Kahl was asked what signal other producers are getting if the network's response to Caron was limited to training, which the executive said was intended to make them the "strong and good and fair leaders" they want to be.

"I think that we've had some other situations with bad behavior from showrunners," said Kahl, referring to the producers in charge of a series. "In any situation where we receive information or hear something is askew on a show, we investigate."

Kahl said: "That's what happened on 'Bull.' And there was a settlement that was reached."

The executive said that it's been made clear to producers that they must run "a welcoming set for everyone from top to bottom."

A request for comment from Caron was made to the law firm representing him. There was no immediate reply.

Kahl was reminded that production company Amblin Entertainment ended its work on "Bull" after CBS renewed the series despite Dushku's claims. The show returns for its fourth season in September.

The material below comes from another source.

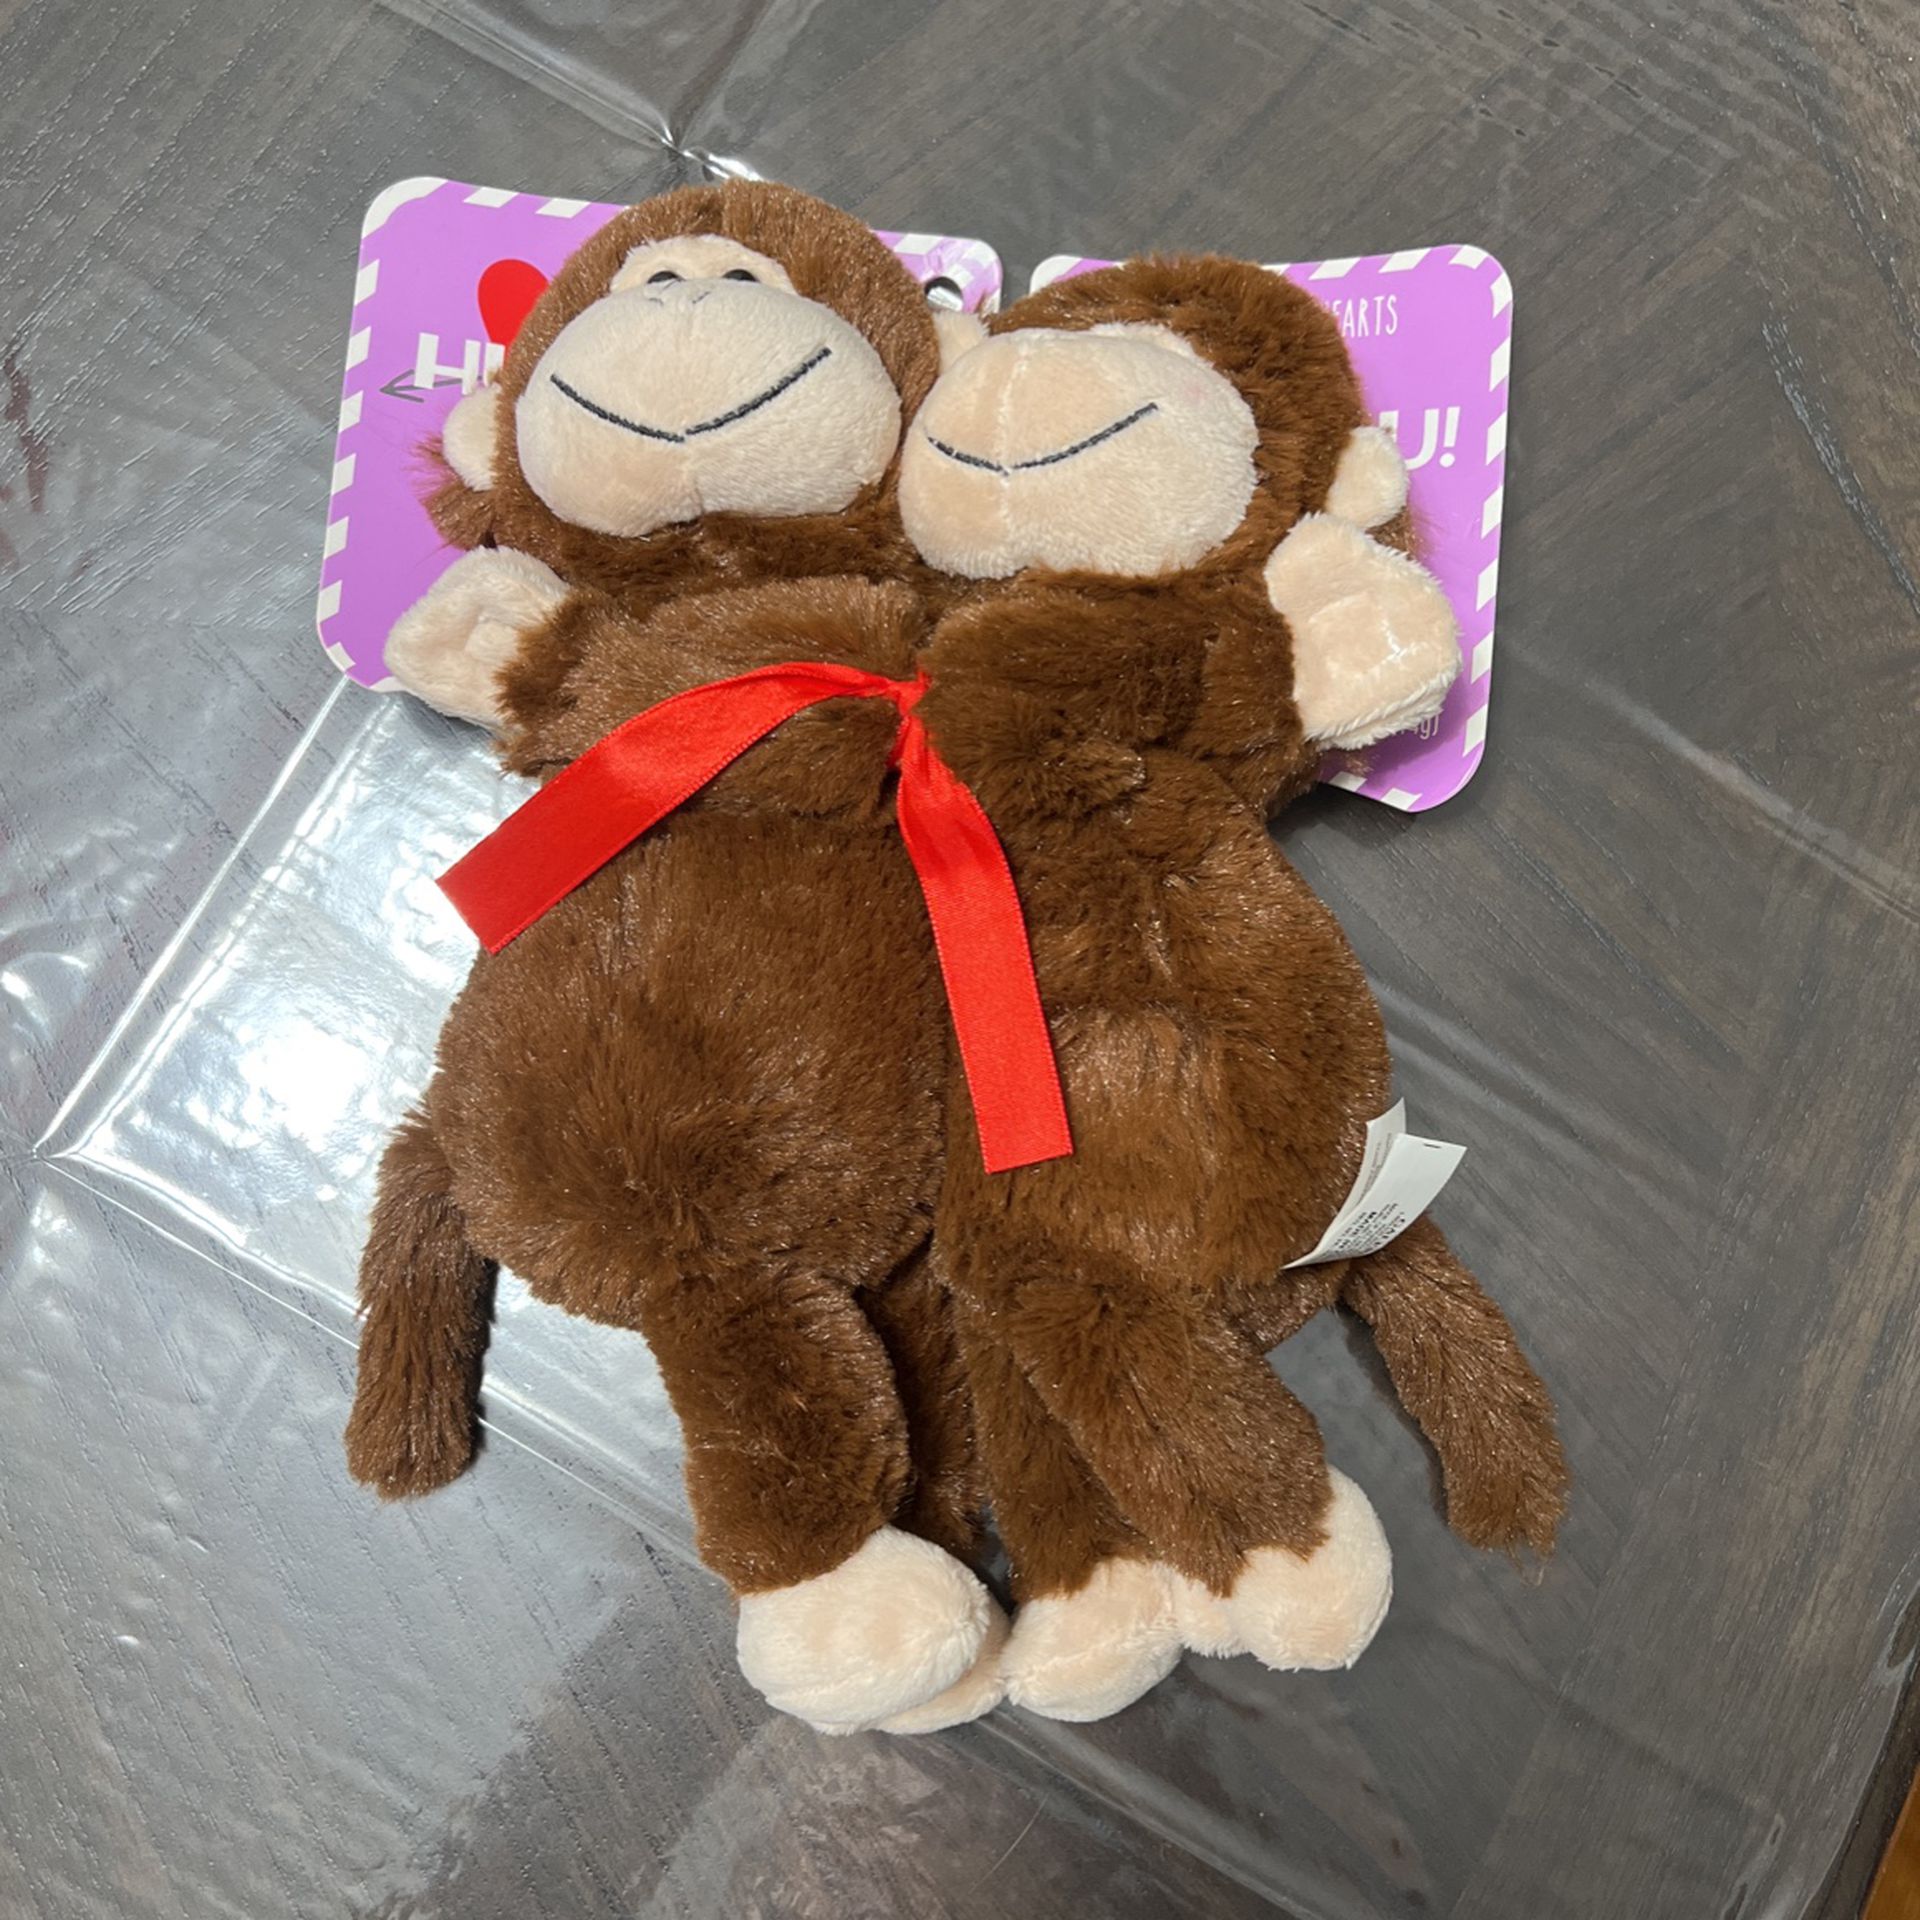 To let a monkey soft toy

"More than 10 million people watch every week," Kahl replied. "Michael is loved by our audience and even after these allegations came out, people continue to watch. So It's a popular show that we want to keep on our air ... and it's a very good show, as well."

The issue of sexual misconduct has beset CBS at the highest levels. Former CBS Corp. CEO Leslie Moonves, one of TV's most influential figures, was ousted last September after allegations from women who said he subjected them to mistreatment including forced oral sex, groping and retaliation if they resisted.

In its 2018 story reporting the Dushku matter, the Times said details, including the settlement, became known when the CBS Corp. board hired outside lawyers to examine misconduct claims against Moonves and to look into CBS as a whole.